CEC Palace, headquarters to CEC Bank |
Among the most famous is the CEC Palace, built in 1897, headquarters to the CEC Bank, and now spectacularly lighted at night.
Caru’ cu bere |
We were lucky to snag early dinner reservations at Caru’ cu bere, a brewery opened in 1879, nationalized by the communist state in 1949, and renovated in the 1980s with murals, Gothic decorative details and stained glass windows.
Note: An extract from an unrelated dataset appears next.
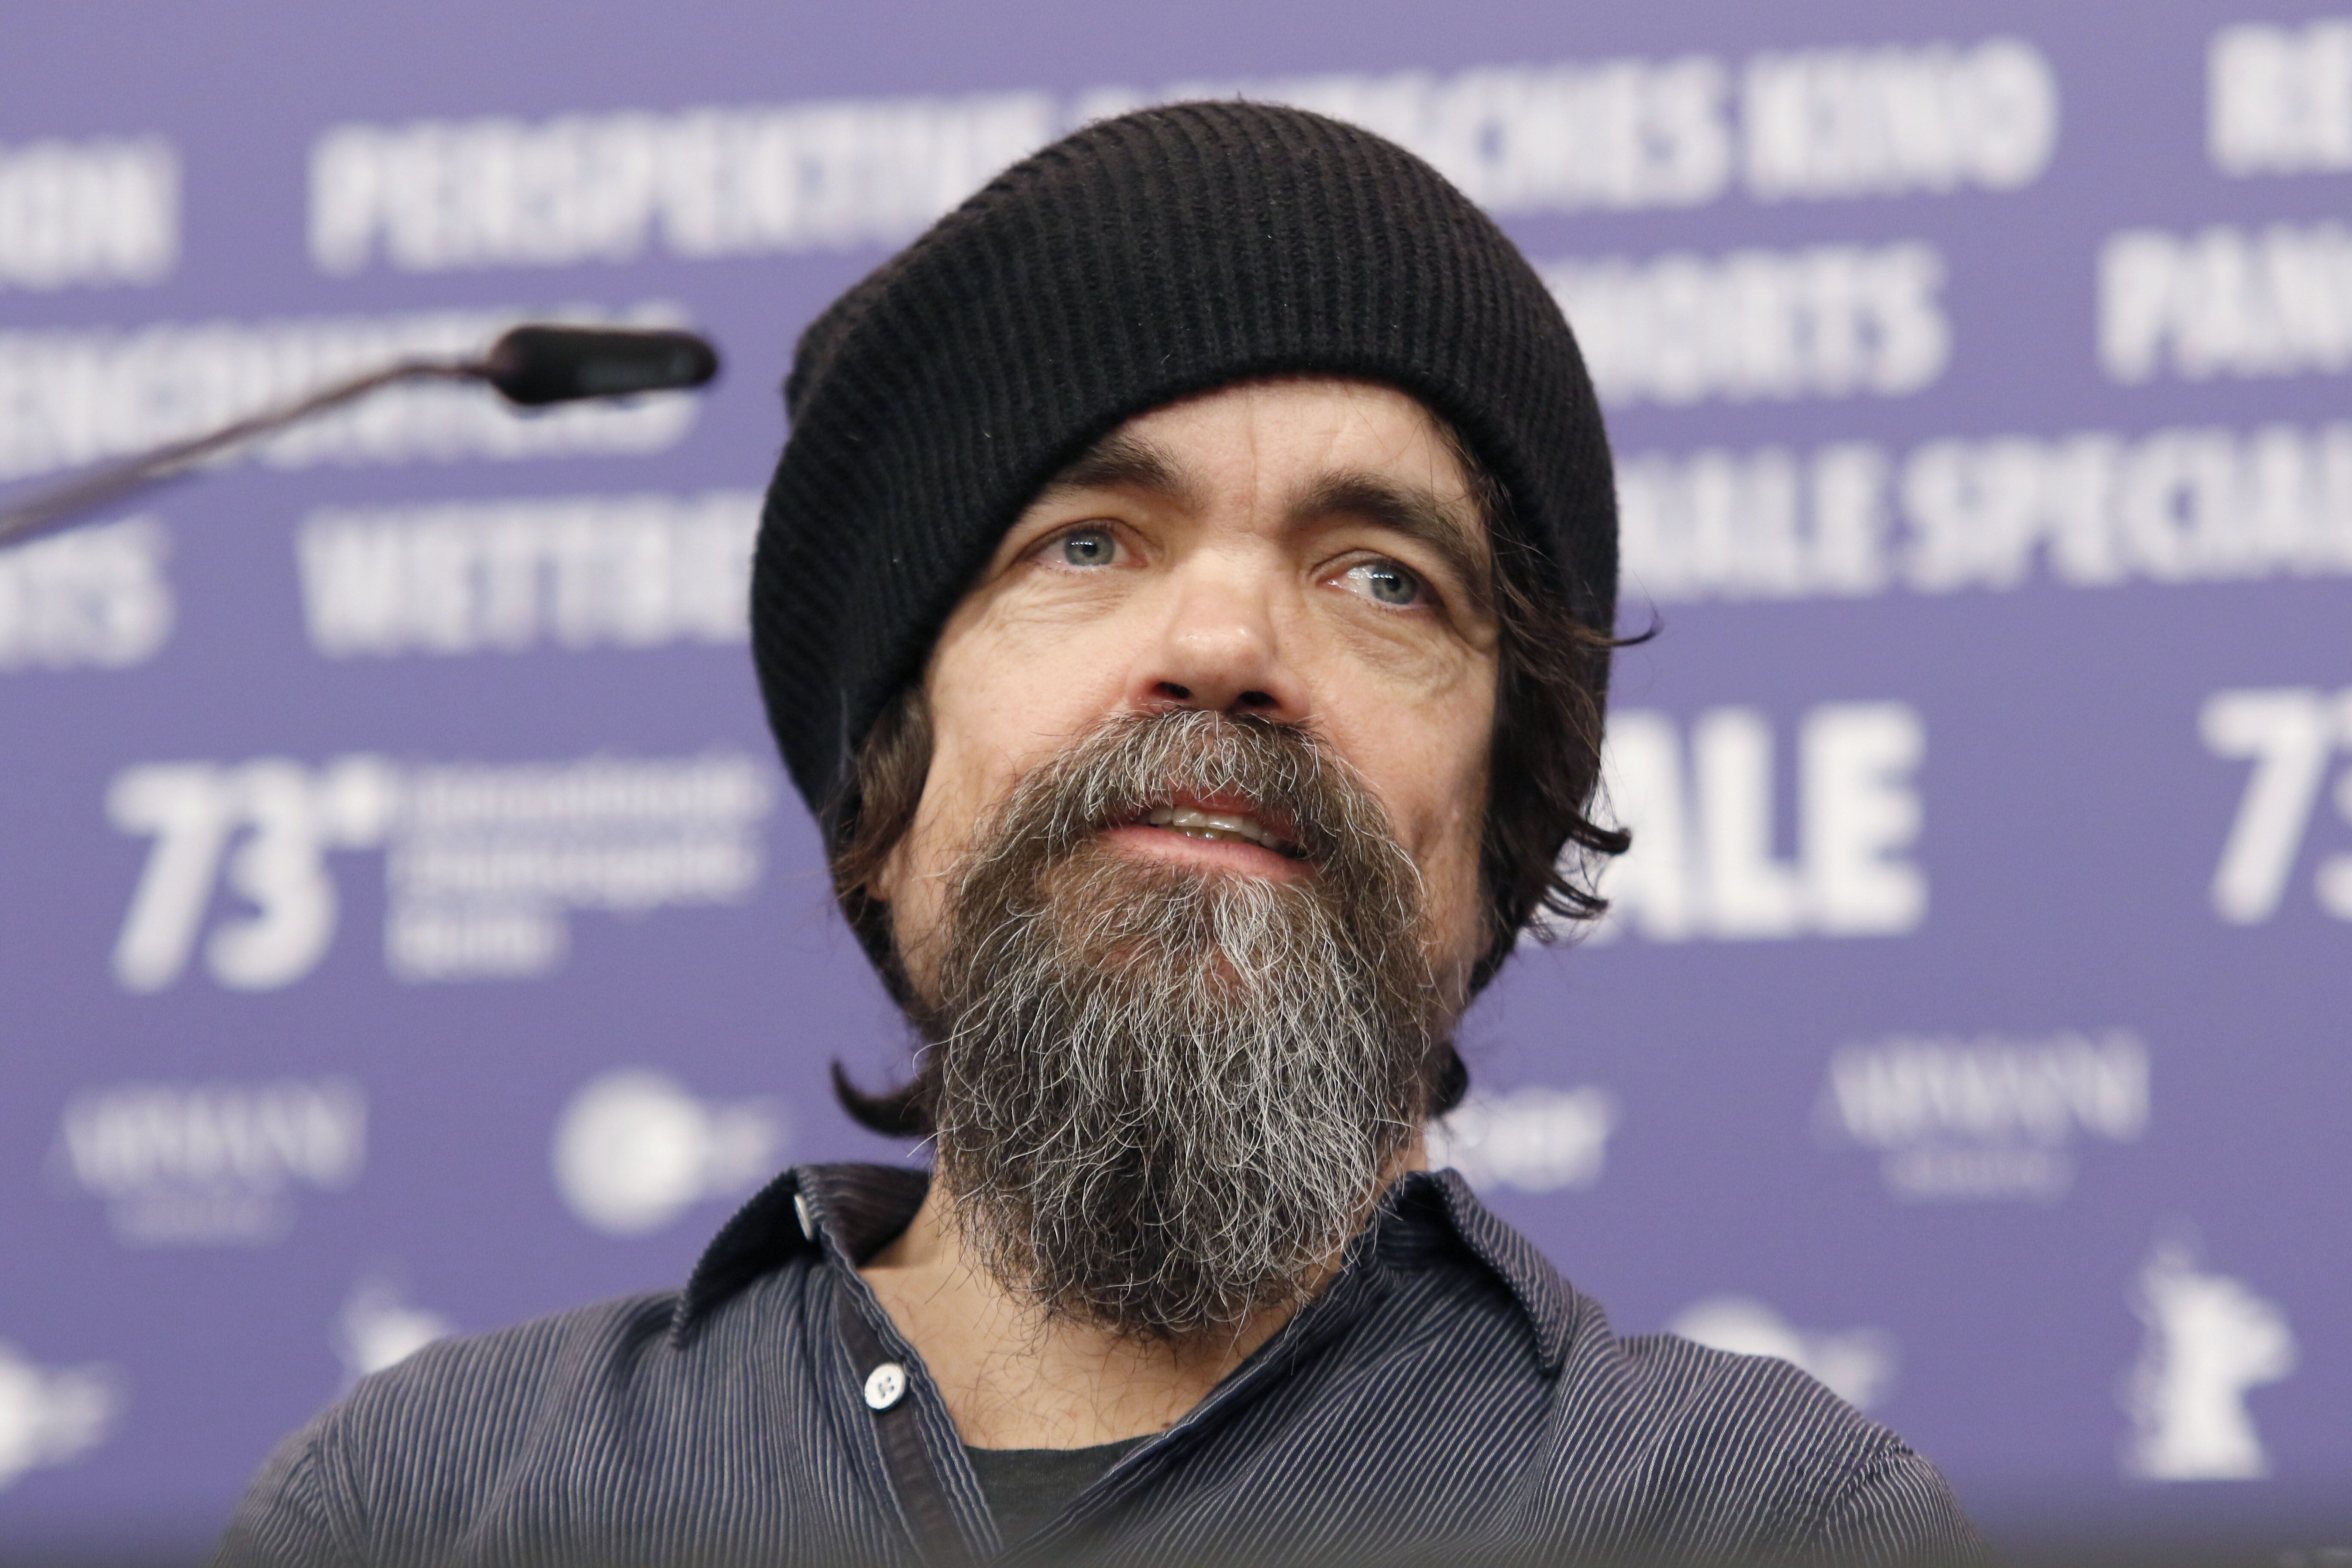 Peter Dinklage during a press interview

As outstanding as the architecture is, it’s the Romanian people - entrepreneurial, energetic and English- speaking- that have made our stay meaningful.
Vlad and Lorena |
On just our third day in town, we were fortunate to have had dinner with Lorena Duicu and her husband, Vlad, though the Eatwith.com program, a sort of Airbnb for dining. We got acquainted over glasses of their homemade plum brandy, then moved onto grilled eggplant salad, smoked fish, a delicious pork stew simmered in a clay pot, polenta and a homemade plum crumble pie.
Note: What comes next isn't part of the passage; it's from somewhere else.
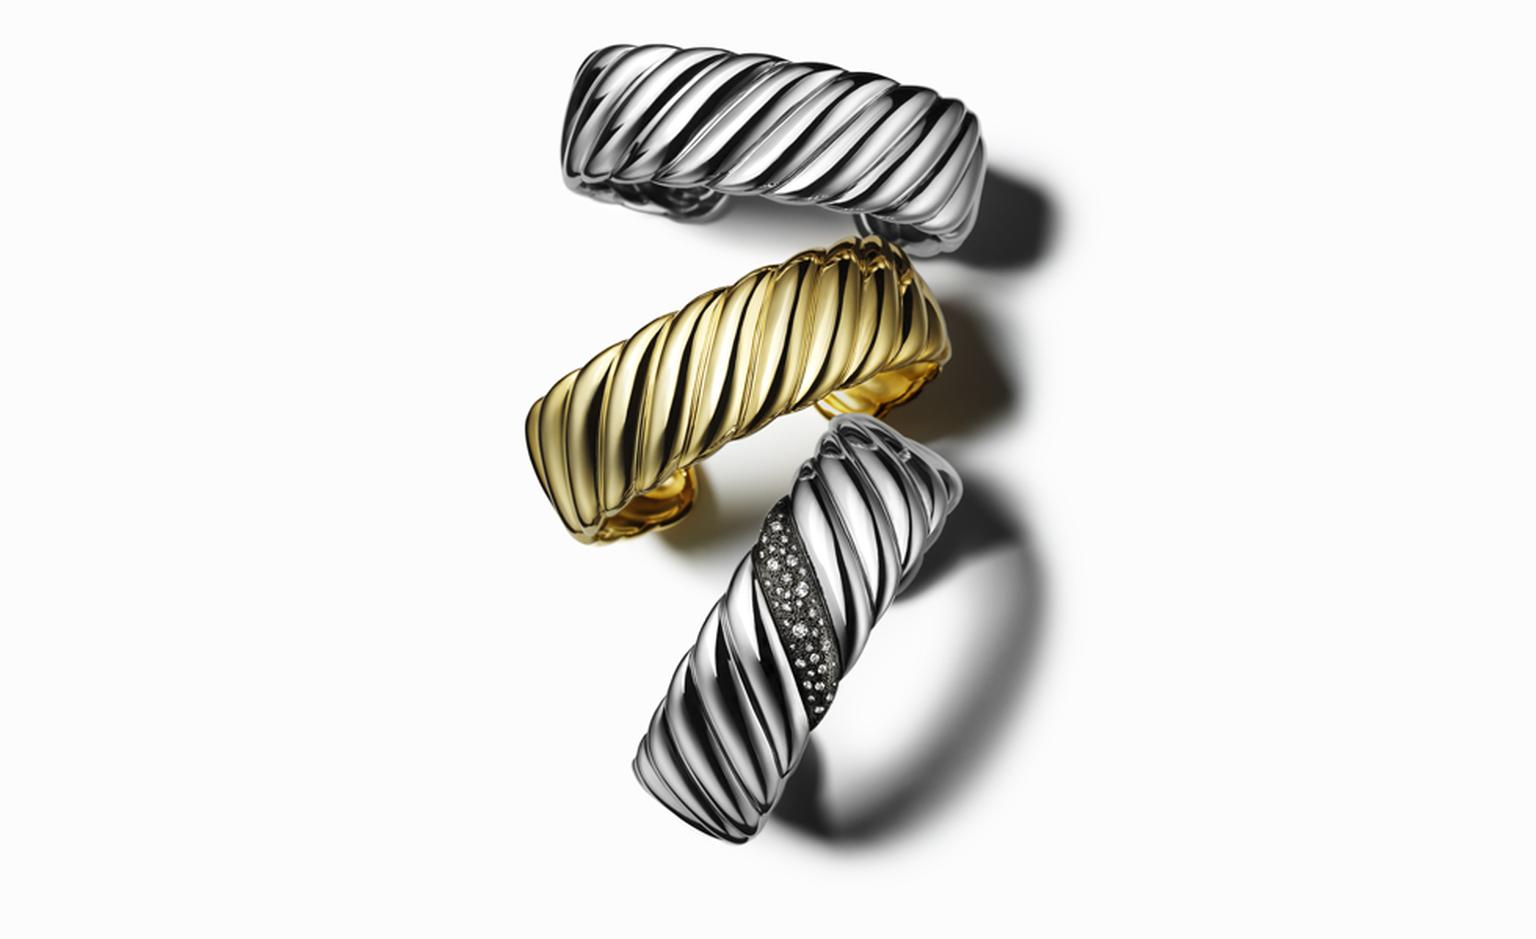 DAVID YURMAN, Narrow sculpted cuffs in silver and gold, from $550 - $7,950

It was an evening filled with good conversation about American politics, the war in Ukraine and our mutual love of travel. We were happy to have made a connection like this in a city entirely new to us. Understandably, Romanians were fearful when Russia attacked Ukraine. Kyiv is just 500 miles away. For now, though, life goes on normally in Bucharest which is far away from the fighting.
Anaid of Freetour.com |
Anaid, a guide with Freetour.com, gave us a short history lesson in a two-hour walking tour covering some of the Christian Orthodox churches that survived the communist era. Most impressive was the 18th century Church of the Stavropoleos Monastery where a few nuns still live.
Stavropoleos monastery |
The story of the vamprire Count Dracula, she explained, was inspired by Vlad the Impaler (or Vlad Dracula in Romanian), an important ruler and national hero in the 1400’s. The castle in nearby Transylvania, marketed as Dracula’s castle in Bram Stoker’s novel, actually had little connection to the real Vlad, and there‘s no evidence Stoker ever saw it.
Mici at the Obor Market |
We don‘t eat much meat at home, however, when in Romania…everyone must eat mici, tiny, grilled, skinless pork or lamb sausages, served with a glop of mustard and bread. It's estimated that Romanians eat 440 million annually. You can order them in the fanciest of restaurants, but we went by tram to stand in line with the locals and sample these ($1 each) at Terasa Obor in Bucharest‘s Obor public market.
Lining up for mici at Obor market |
Tom samples a honey cone |
Bucharest has beautiful, family-friendly parks. On our way to tour an open air folk village in Herastrau Park, we watched kids of all ages using small, fold-up scooters do tricks in a skate park while their parents relaxed at a cafe across the street, talking and drinking beer.
The Dimitrie Gusti National Village Museum takes visitors through what rural Romania looked like a century ago. The man above was dishing out “honey cones,” like ice cream cones, only filled with a rustic mixture of honey, bee pollen and bee’s wax.
Sipping visinata at SIP |
Anaid, our Freetour.com guide, left us with a final tip. “Be sure to try Visinata,” she said, Romania’s signature spirit made with sour cherries. They call it Dracula’s blood.
What a beautiful area! Definitely a hidden gem. Thanks Tom and Carol for the descriptions that show the energy and life of the Romanian people.